Мертвым можно всё (страница 9)

Страница 9

– Да, – уже совсем светло улыбнулась Айлин. – Мне было всего двенадцать. Я слишком вольно повела себя на домашнем празднике у своих друзей, с которыми училась в Академии. Они намного старше меня, и оба юноши. Я стояла слишком близко к ним, когда мы любовались фейерверком. Конечно, это было недопустимо. Брат меня осудил, хотя мы даже не оставались наедине. И он был прав. Этикет – это очень, очень важно…

«А сейчас она ночует в палатке с двумя мужчинами, – с холодной ясностью подумал Аластор. – И от этого пятна на репутации ни одна порядочная девушка уже никогда не сможет отмыться. Неважно, что мы оба относимся к ней с почтением, свет никогда не простит. Что же я наделал… И как это исправить? Можно ли вообще исправить подобное?!»

– Но теперь я думаю, что есть вещи гораздо важнее, – с безмятежным спокойствием продолжила Айлин. – Например, тепло и еда, которыми можно поделиться. Дружба, семья, любовь… То есть я имею в виду любовь к своей стране! – закончила она и порозовела щеками уже по-настоящему, а не от бликов костра.

– Вы совершенно правы, изумительная донья, – тихо сказал вдруг появившийся рядом арлезиец. – Ах, сколько мудрости в ваших словах… Любовь гораздо важнее этикета, ведь это зерно, из которого растет и дружба, и верность, и отвага, и все прекрасное, что есть на земле. Синьор Лучано, а не пустить ли нам по кругу эту флягу? За красоту и мудрость прекраснейшей из дорвенантских дев!

– Всем сердцем поддерживаю, благородный дон! – откликнулся итлиец. – Кстати, мне показалось или у вашего седла приторочена лютня?

– Она самая! – слегка поклонился Раэн. – И если благородное общество пожелает…

Он испросил взглядом разрешения Аластора, и тому пришлось поблагодарить со всей возможной вежливостью.

– Лютня! – воскликнула Айлин, и ее странная подозрительная грусть наконец исчезла. – Вы играете, дон Раэн?

– Немного, – улыбнулся арлезиец, действительно снимая с седла кожаный плоский футляр. – До настоящих мастеров мне очень далеко, но надо же как-то развлекать себя в дороге.
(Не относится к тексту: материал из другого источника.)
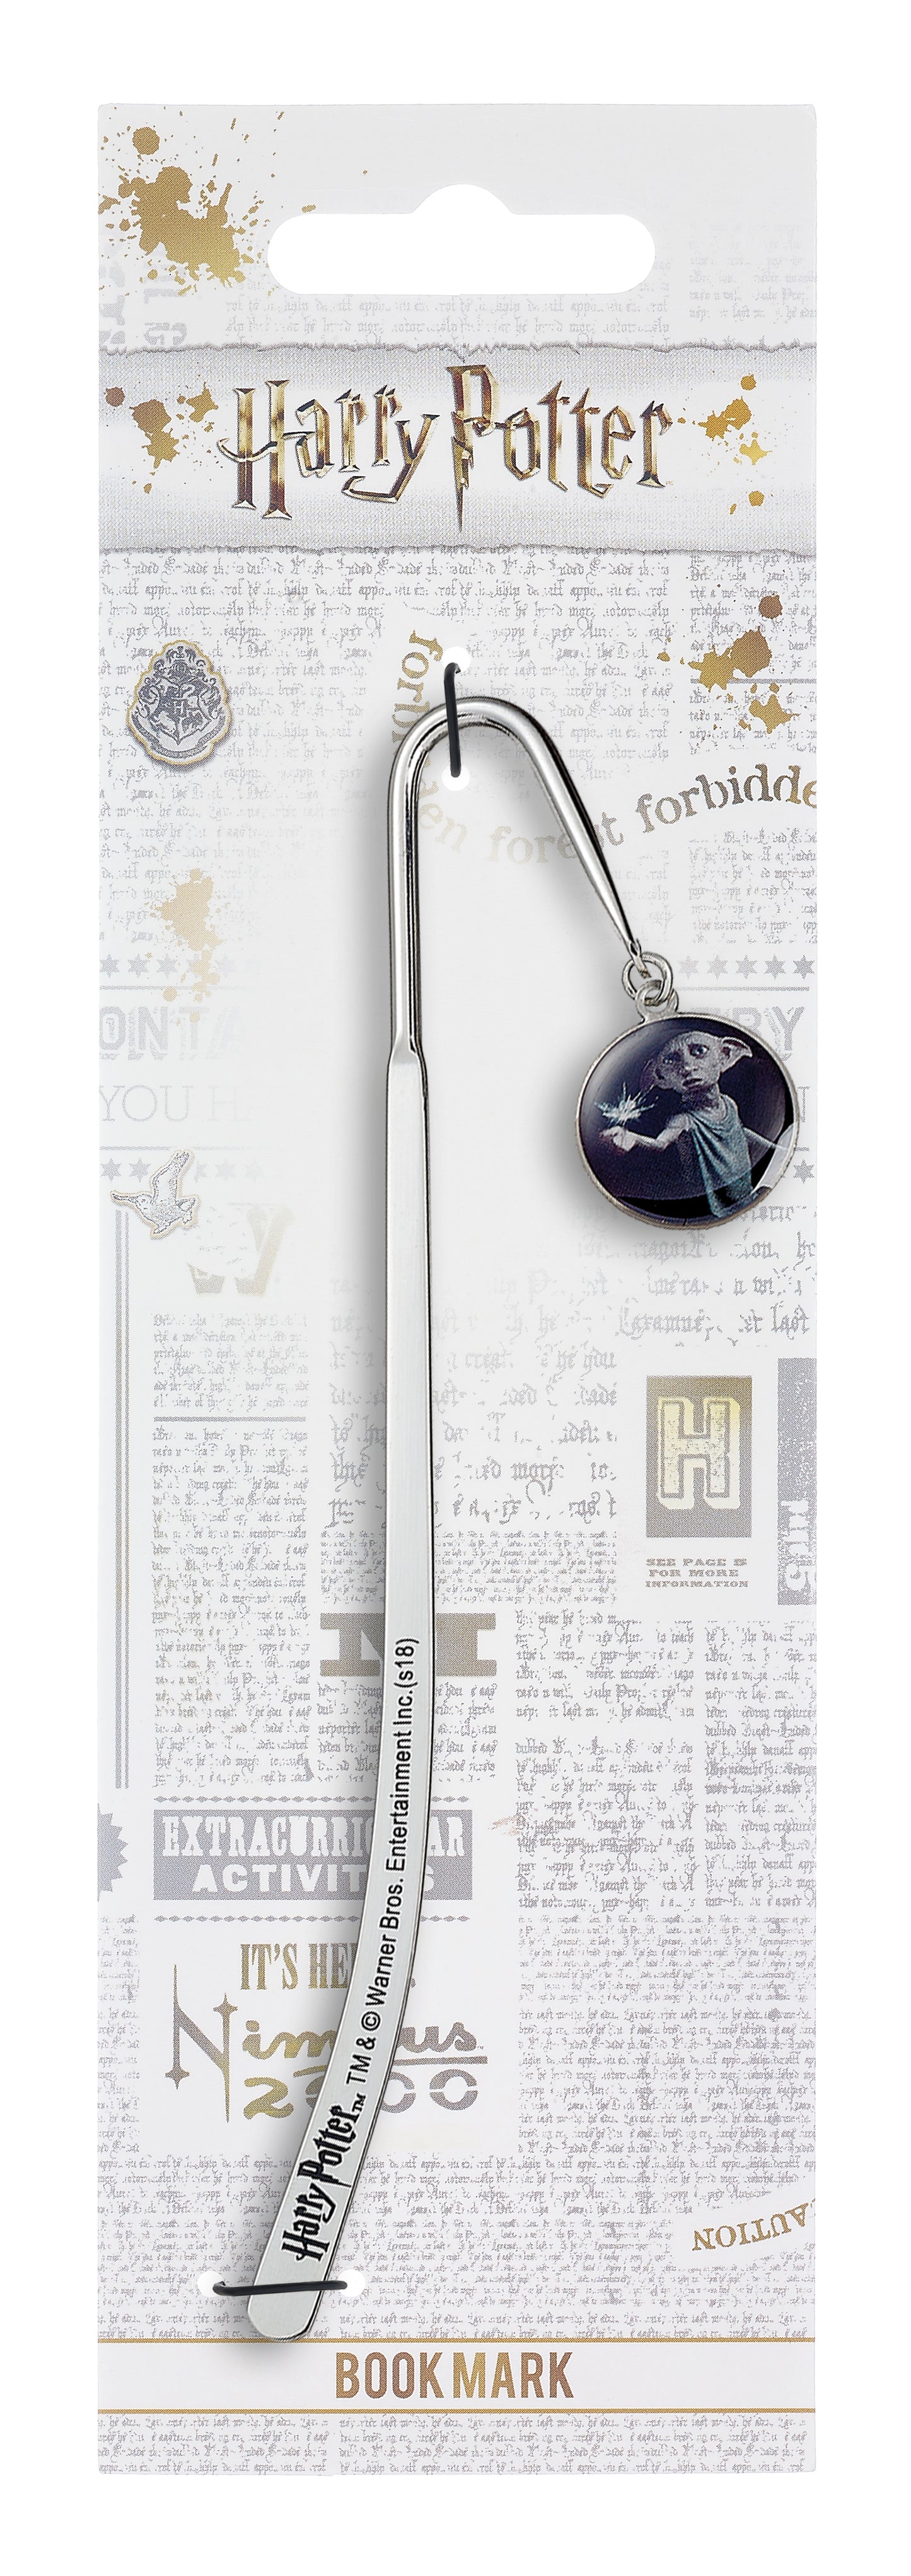 Harry Potter Dobby the House-Elf Bookmark - Silver

Правда, дорвенантских песен я не знаю. Разве что старые баллады, но они такие унылые… Прекрасная донья знает арлезийский? Итлийский?

– Лучше всего я знаю итлийский, – признала Айлин. – И фраганский… Аластор, а ты?

– Фраганский, – сдержанно сказал Аластор.

Стыдно признаться, но итлийский, принятый при дворе, он знал отвратительно, зато на фраганском, благодарение месьору д’Альбрэ, изъяснялся так же свободно, как на дорвенантском. И, как утверждал тот же месьор, с недурным произношением, что в устах бретера приравнивалось к высшей похвале.

– А вы, Лучано?

Аластор мельком отметил, что итлиец из синьора Фарелли превратился в устах благородного дона сначала в синьора Лучано, а теперь тот и вовсе зовет его по имени. Но, следует отдать ему должное, в тоне ни капли презрения к простолюдину. Напротив, имя итлийца звучит у Раэна мягко и тягуче. Так, словно они давно знакомы или вообще близкие друзья. Но раз Фарелли не обижается, значит, заступаться за него не стоит.

– Дорвенантский, фраганский, арлезийский, – улыбнулся шпион-приказчик и пошутил: – И немного итлийского.

– Значит, фраганский, – ответил улыбкой на улыбку Раэн. – Но сначала я сыграю вот что.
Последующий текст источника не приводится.